Following the legal removal of Maduro from power in January – which Maduro, still in charge of the Venezuelan military, refuses to acknowledge – the Cuban military threatened to “defend” Maduro from any action to physically remove him from the presidential palace.

The Cuban economy, like that of all communist regimes, is in shambles, reliant mainly on either the largess of sympathetic countries like Russia and China and profits from doing business with Western corporations. There is no reason to expect that the profits from the Virgin Voyages tours, and Branson’s birthday bash in particular, will not be funnelled into the repression of the peaceful Venezuelan protesters Branson claims to want to help with his concert effort.

Some in the Cuban anti-communist community have noted that it is the concert, not the cruise, that is out of character for Branson. The billionaire has previously boasted of enjoying a limousine ride with Fidel Antonio Castro Smirnov, the dictator’s grandson, and has dressed up as mass murderer Ernesto “Che” Guevara to promote his business. As the Cuban-American outlet Babalú Blog notes, “Sir Richard has been able to toss millions of Pounds, Euros, and Dollars into the Castro treasury by creating apartheid tourism opportunities for slumming bigots from all nations, principally through his Virgin Atlantic airline and his new Virgin Voyages Cruises.”

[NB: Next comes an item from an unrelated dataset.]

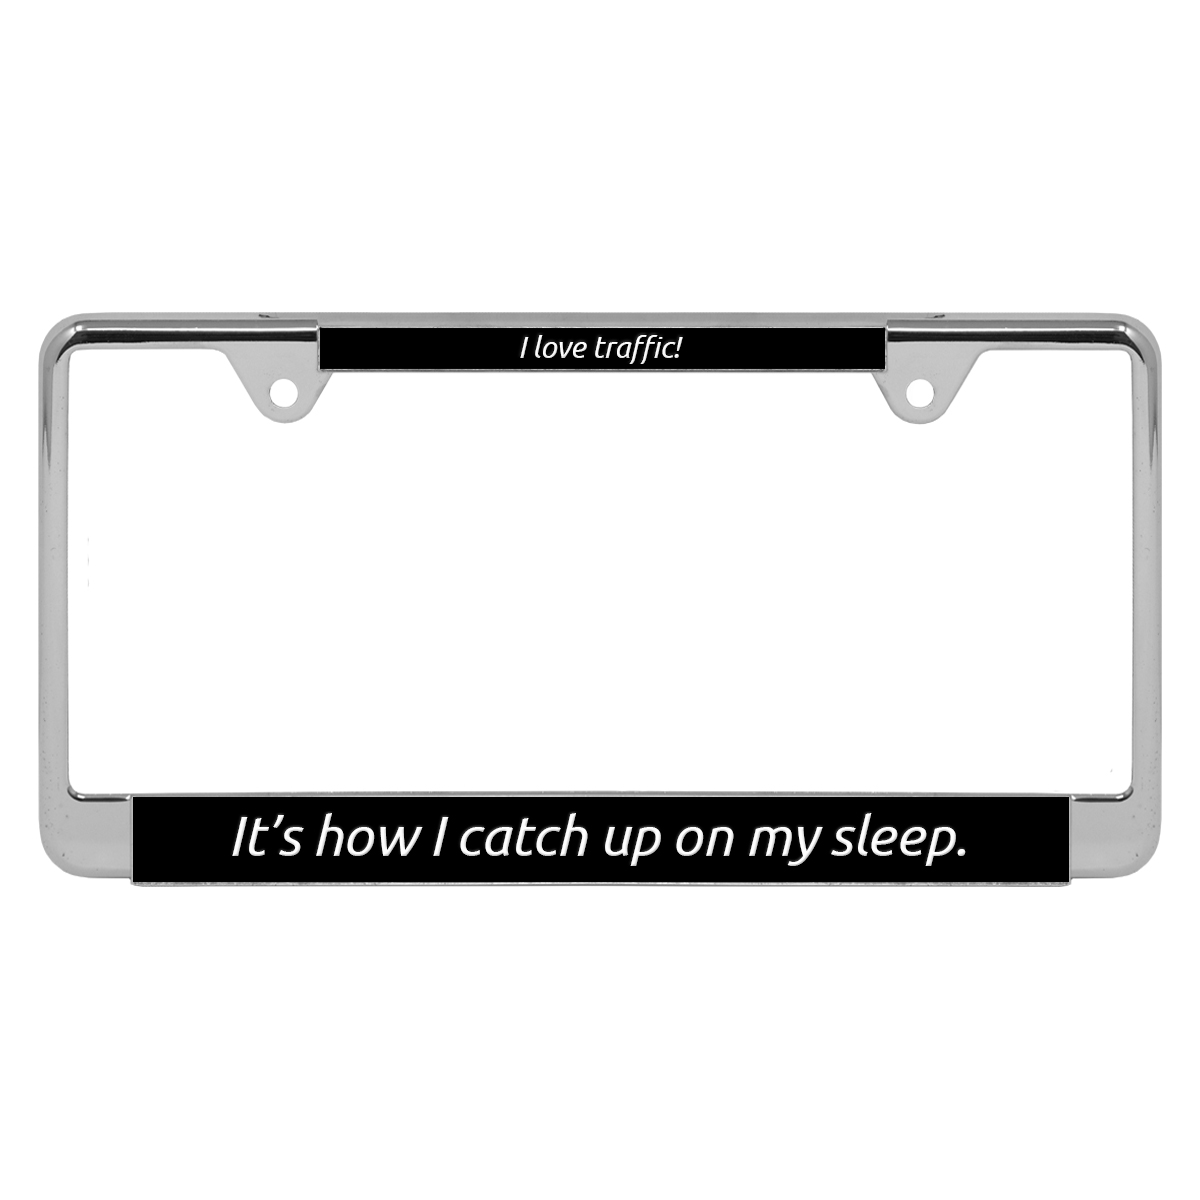 La Dolce Vita Italian Flag Metal License Plate Frame Funny,Cute License Plate Cover,Car Tags Frame,Gifts for Women,for Men 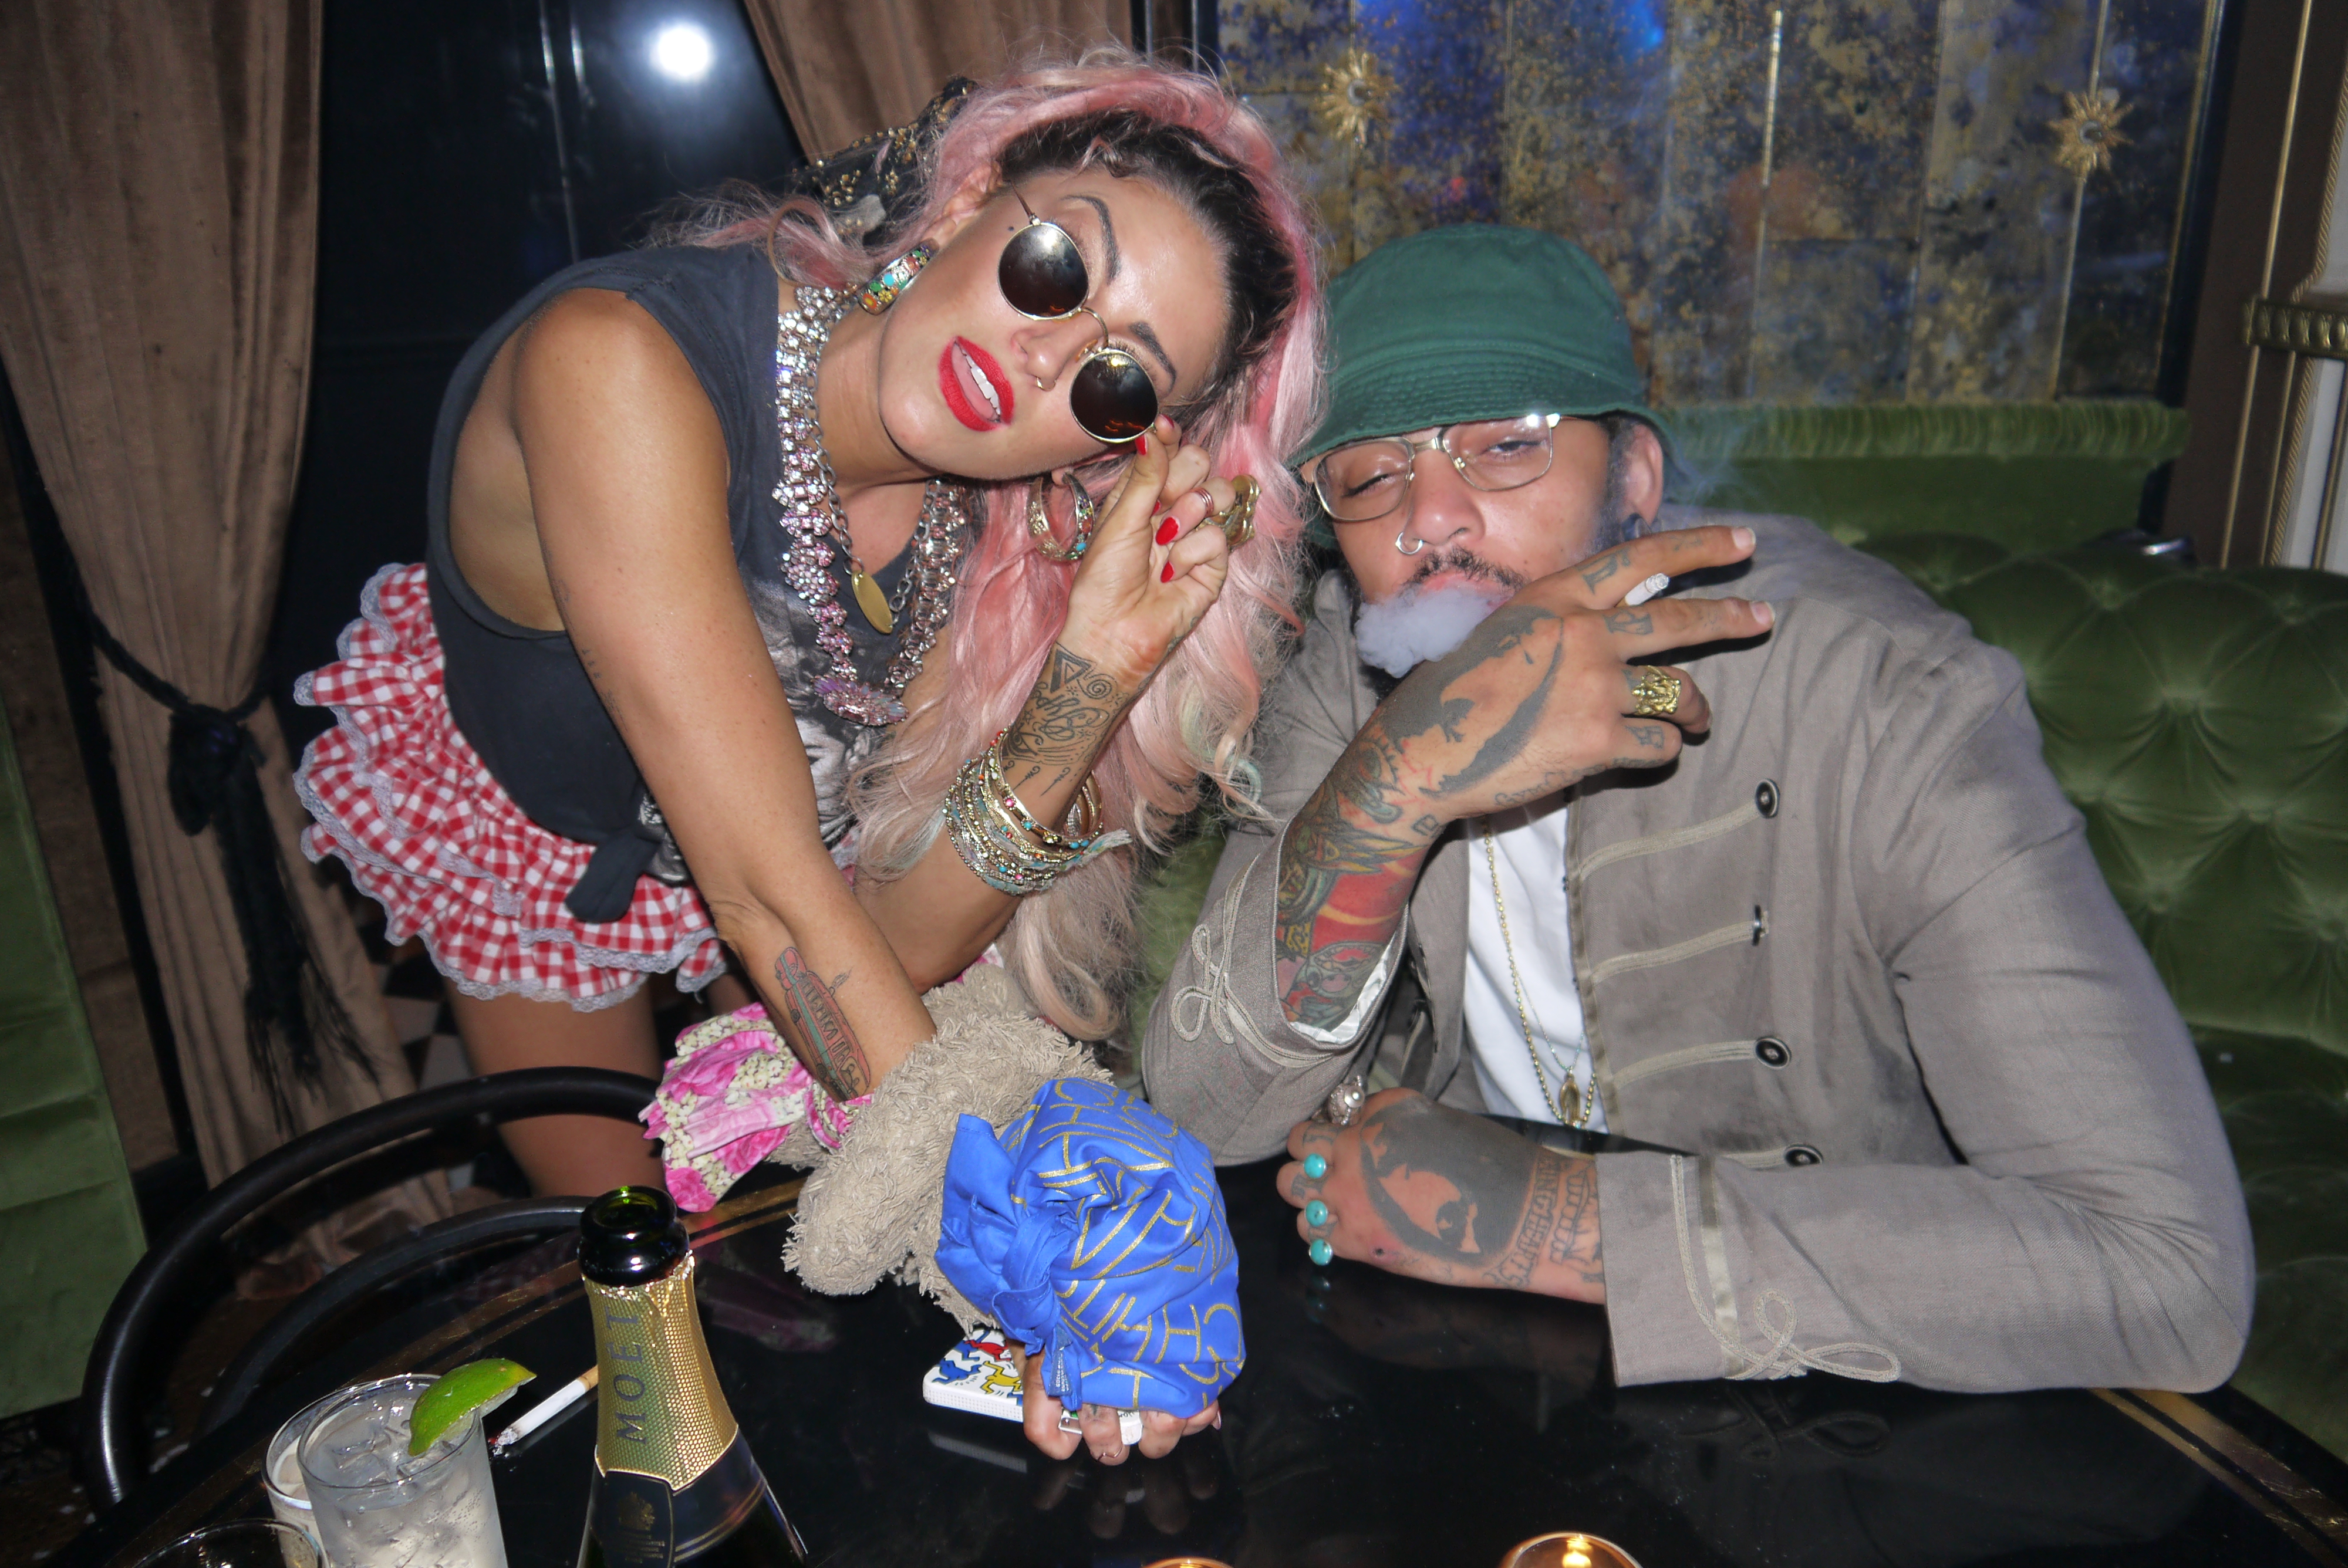 Neon Hitch & Travie Mccoy at the Galore party

Branson’s concern for Venezuela may be legitimate – and, if so, he appears woefully unaware of the role the Cuban regime he is comfortable doing business with has played in the humanitarian crisis he hopes to help end. Guaidó, who reportedly reached out to Branson for the concert, is clearly aware; he urged Cuban soldiers to leave the country, or at least disobey Maduro, during a speech shortly after taking office. The proximity of Virgin’s cruise announcement and the Venezuela Aid Live launch may prove an opportunity for Branson to educate himself on the damage the Castro regime continues to cause throughout the continent.